A lot has definitely changed since 2005, and even more since the 80s. Today, all documents are stored digitally on a server in our law firm and are accessible through law firm software. Clients practically never come to the office premises anymore: Everything can be discussed by phone and email.
A lot has changed since 2005. Clients rarely come to the office premises anymore and everything can be discussed by phone and email.
Digitization Creates a New Class of Problems
However, new problems have emerged with digitization:
The file size of a PDF, for example, suddenly matters. Even before, a 255-page prosecution file (affectionately called an armadillo) made the secretariat groan, but the postal service didn't refuse to deliver it just because the file was 300 grams over a limit they defined. Different today: Most email providers set a transmission limit between 10 and 20 megabytes.
When it comes to signing documents, it becomes clear that we are currently still in this strange, undefined in-between world – still a bit in the past and not quite arrived in the present. Even without legal form requirements that would mandatorily require a handwritten signature, it is customary for certain documents to bear a real signature (powers of attorney, for example, but also assignment declarations demanded by insurance companies in the context of reduction disputes...). As a result, clients print out digitally sent forms, sign them on their kitchen table, and then send them as photographed file attachments by email. Each page of the five-page document as a separate image.
Embedded graphics in emails are the final boss for any secretarial staff member. Image attachments in emails can be sent in two different ways: As "normal" attachments or as so-called inline attachments. In this case, the image files are embedded graphics within an HTML email. Depending on the law firm software and email program used (the combination of Advoware and Microsoft Outlook is particularly toxic), it may be necessary to save each graphic individually via Right-click → Save image as... → Select location and assign name. Only then can the file now stored in a folder be imported into the law firm software. For emails with 10 or more images attached in this way, this can easily take 10 minutes.

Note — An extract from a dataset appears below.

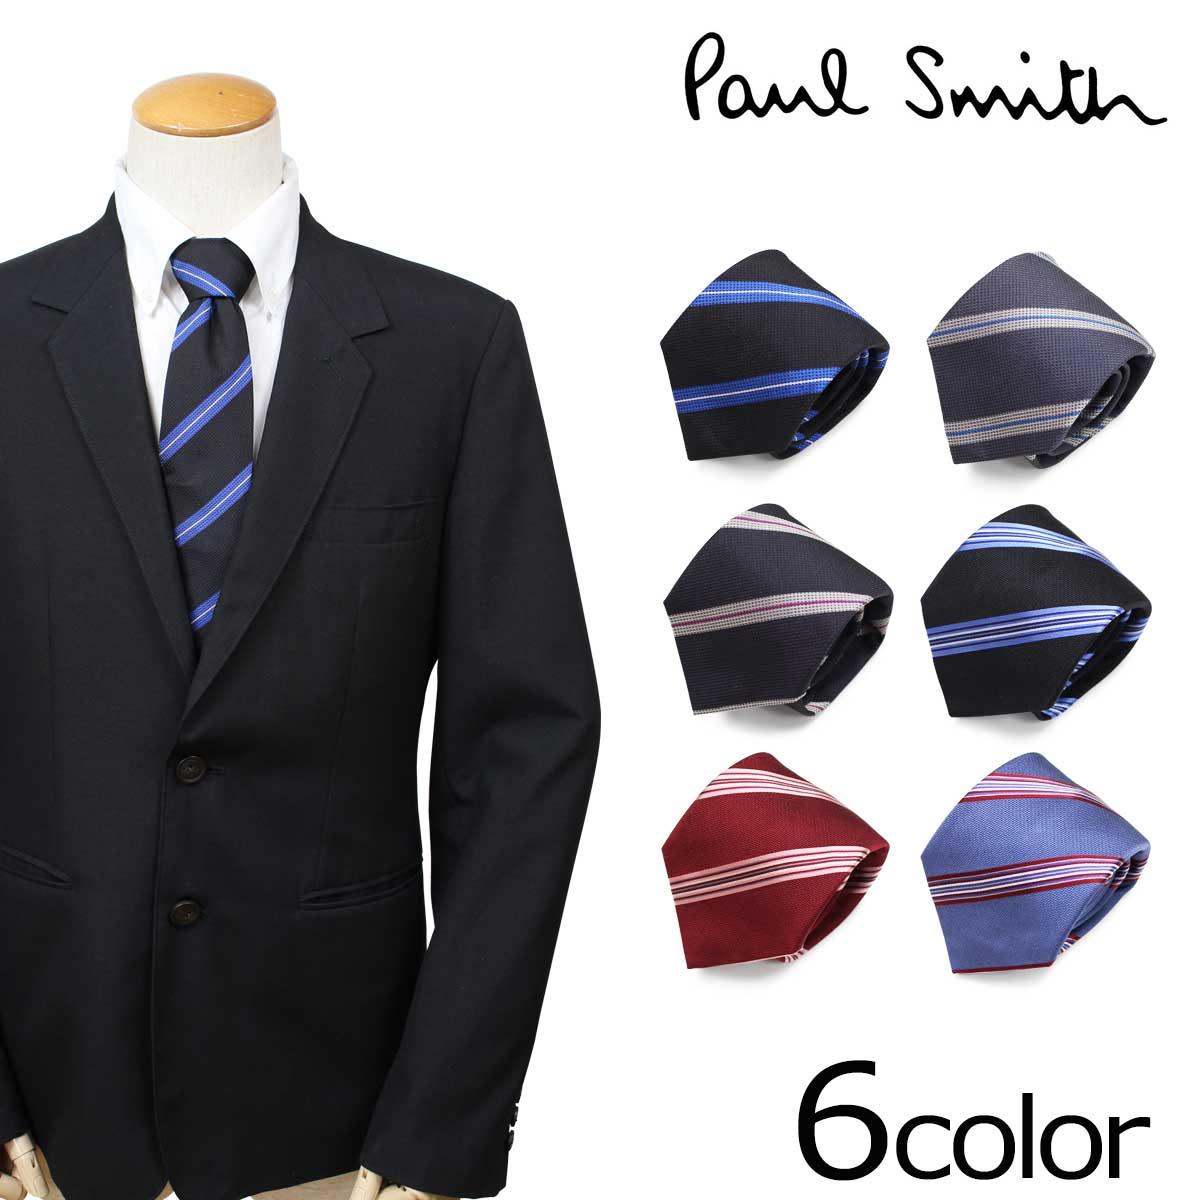 Paul Smith ネクタイ シルク メンズ ポールスミス イタリア製 ビジネス 結婚式 ギフト

On the topic of secure document exchange via email, there are probably more myths in the legal profession than encrypted emails actually sent. On one hand, lawyers are confronted with the requirements of variously interpreted data protection laws and professional rules, and at the same time they face a clientele that is largely uninterested in data protection, for whom dealing with their legal issue is more of a nuisance than a pleasure anyway: Please just send the relevant documents by email, like everyone does!
Data security is also a concern for the legal profession. The idea of becoming a victim of a ransomware attack and losing all data or even leaking data to the public through a data breach is a constant underlying fear of law firm owners. Interestingly, the sources of information on this very complex topic as a whole are often limited: Either it's law firm software vendors promoting the switch to their (usually more expensive) cloud with the argument of increased security, or it's general information and advice that, while often correct in themselves, don't convey an overarching picture: Don't accept USB sticks, turn off macros, and make regular backups.
Law Firms Should Take IT Into Their Own Hands
When I encountered the above problems as a young lawyer in the family law practice, I naturally looked for solutions. Over time, I found and implemented various solutions for some of the problems mentioned. Ultimately, dealing with these issues led to me founding Maramia GmbH together with Raui Ghazaleh: We now offer the solutions originally developed for ourselves to other colleagues. Interest in our solutions is expectedly high.
Intelligent document processing with MaraDocs
With MaraDocs, you transform your clients' email attachments into perfect scans. Crop, straighten, merge, text recognition, and much more.
Start free nowYour Own Law Firm Cloud with Nextcloud
How do you securely share large files with clients? How do you receive large or many files from clients? How do you copy a large brief with attachments to a laptop for the weekend that isn't connected to the law firm software? Where do you actually collect all the internal law firm knowledge? Where do you store passwords for all the various services used in the law firm?
We switched to a self-hosted instance of Nextcloud quite early.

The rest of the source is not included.